As described above, according to the present invention, the utilization rate of an active material such as sulfur or organic sulfur is increased due to the increase in impregnation of the electrolyte with the electrolyte, and the energy per weight of the lithium-sulfur battery including the positive electrode, The energy per volume increases and the life span of the energy storage device including the anode is increased by increasing the adhesion between the anode coating layer and the current collector.
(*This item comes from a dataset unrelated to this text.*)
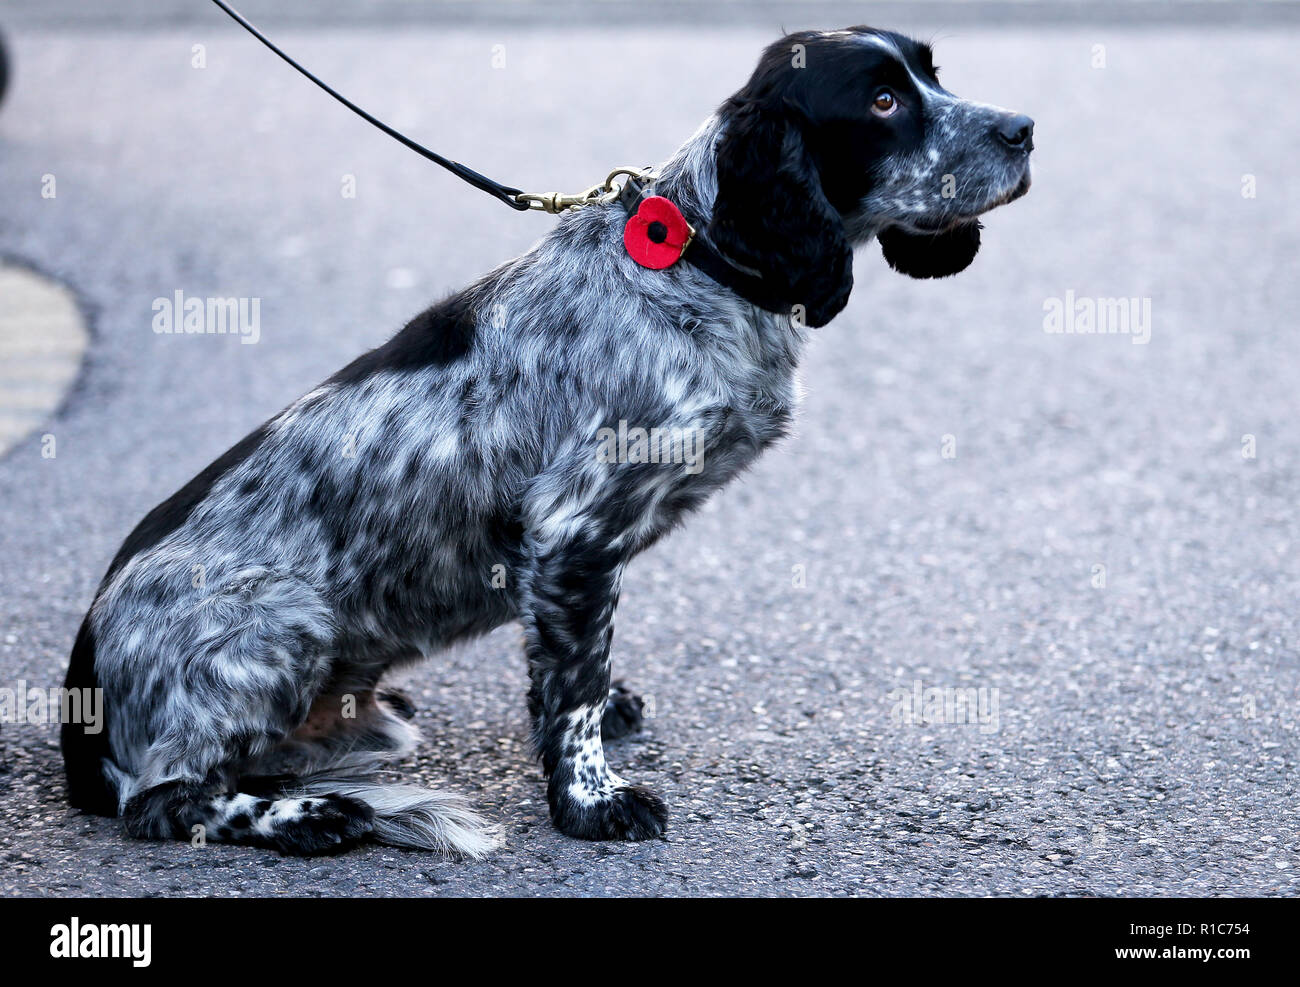 A search dog before the Premier League match at Stamford Bridge, London. PRESS ASSOCIATION Photo. Picture date: Sunday November 11, 2018. See PA story SOCCER Chelsea. Photo credit should read: Steven Paston/PA Wire. RESTRICTIONS: No use with unauthorised audio, video, data, fixture lists, club/league logos or 'live' services. Online in-match use limited to 120 images, no video emulation. No use in betting, games or single club/league/player publications. Stock Photo

In addition, it can be seen that the conductive material of the present invention can be used for all other batteries including lithium ion batteries, fuel cells, electric double layer capacitors using electric double layer charge / discharge reactions, and capacitors using Faraday reactions including electron transfer.

Claims (6)

A battery conductive material formed by mixing at a ratio of 100 parts by weight of a mixed conductive material consisting of 5 to 95% by weight of carbon black and at least one selected from 95 to 5% by weight of carbon nanofiber fibrous graphite and carbon nanotubes and 0.5 to 60 parts by weight of graphite. The method of claim 1, wherein the carbon black has a particle size of less than 0.2㎛ and the surface area is less than 1000m ² / g, the graphite is a particle in the form of a spherical or incomplete sphere or flakes and the particle size is less than 50㎛ A battery conductive material, characterized in that the surface area is less than 200 m ² / g. The conductive material for a battery according to claim 1, wherein the carbon nanofibers are less than 1.0 µm in diameter, less than 100 µm in length, and have a surface area of less than 500 m ² / g. 4. The battery conductive material according to claim 3, wherein the fibrous graphite has a diameter of less than 15 µm and a length of less than 150 µm, and a surface area of less than 50 m ² / g. A lithium-sulfur battery comprising a positive electrode made of a battery conductive material and an active material and a binder according to claim 1. The lithium-sulfur battery of claim 5, wherein the active material comprises a compound including a sulfur molecule (S ₈ ), polysulfide (Li ₂ S _x , 1 <x), or a sulfur-sulfur atom.